Ironflow ships a benchmark suite that measures component throughput and end-to-end latency. Use it to establish baselines for your hardware and detect regressions.

Terminal window
# Component benchmarks (in-process, no server needed)
make bench
# Load tests (starts server, runs k6 scripts, captures pprof)
make loadtest
# Both
make bench-all
ToolRequired forInstall
Go 1.25+make benchAlready required
k6make loadtestbrew install k6

make bench and make loadtest both run against in-memory SQLite with embedded NATS. PostgreSQL comparison is not currently wired into the bench pipeline.
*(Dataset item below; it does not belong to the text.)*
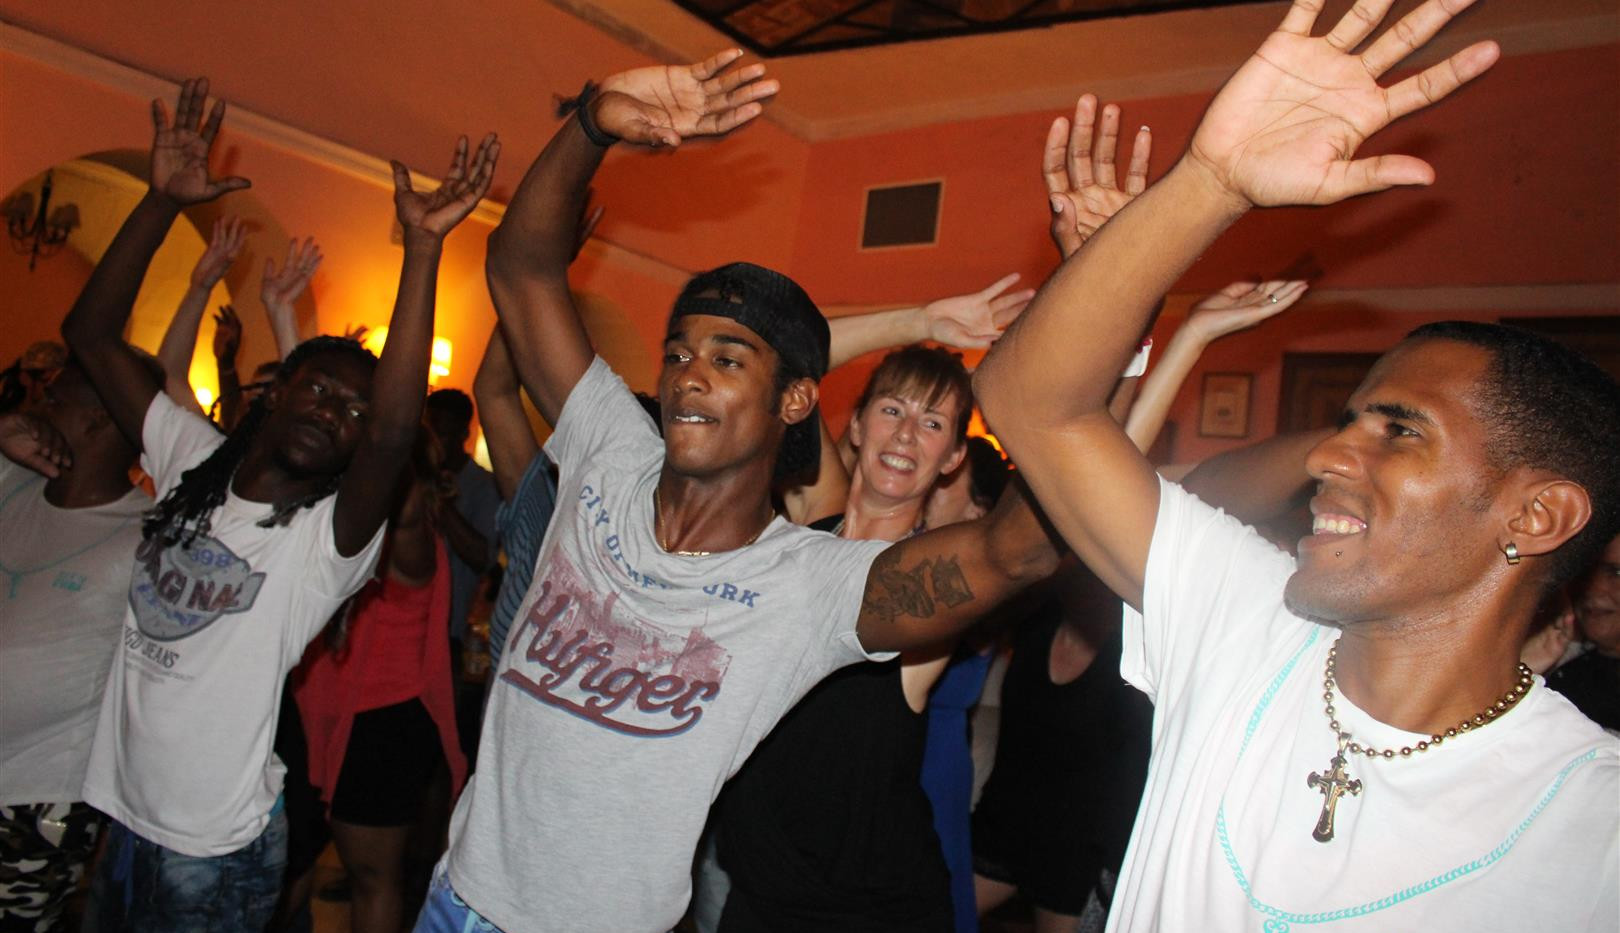 Key2Cuba dancers in club, Havana, Cuba

Runs Go testing.B benchmarks against in-memory SQLite with embedded NATS. No running server needed.

What’s measured:

CategoryBenchmarks
StoreCreateRun, CreateRun (parallel), GetRun, CreateStep, CreateEvent, ListRuns
EngineStepMemoLookup, CreateAndCompleteStep
NATSPublish, KV Put, KV Get, PublishSubscribe
PatternParse, Match, MatchWildcard, PatternMatcher
APIEmitEvent, GetRun, ListEvents, HealthCheck

Plus TestGoroutineLeak (asserts no goroutine leak after 500 step cycles) and TestBootTime (cold start to /health response — 10 iterations, reports median and p95; logs a warning above 500ms but does not fail).

BenchmarkStore_CreateRun-10 85423 14025 ns/op 2048 B/op 42 allocs/op
│ │ │ │ │ │
│ │ │ │ │ └ heap allocations per op
│ │ │ │ └ bytes allocated per op
│ │ │ └ nanoseconds per operation
│ │ └ iterations run
│ └ GOMAXPROCS
└ benchmark name

Lower ns/op = faster. Lower B/op and allocs/op = less GC pressure.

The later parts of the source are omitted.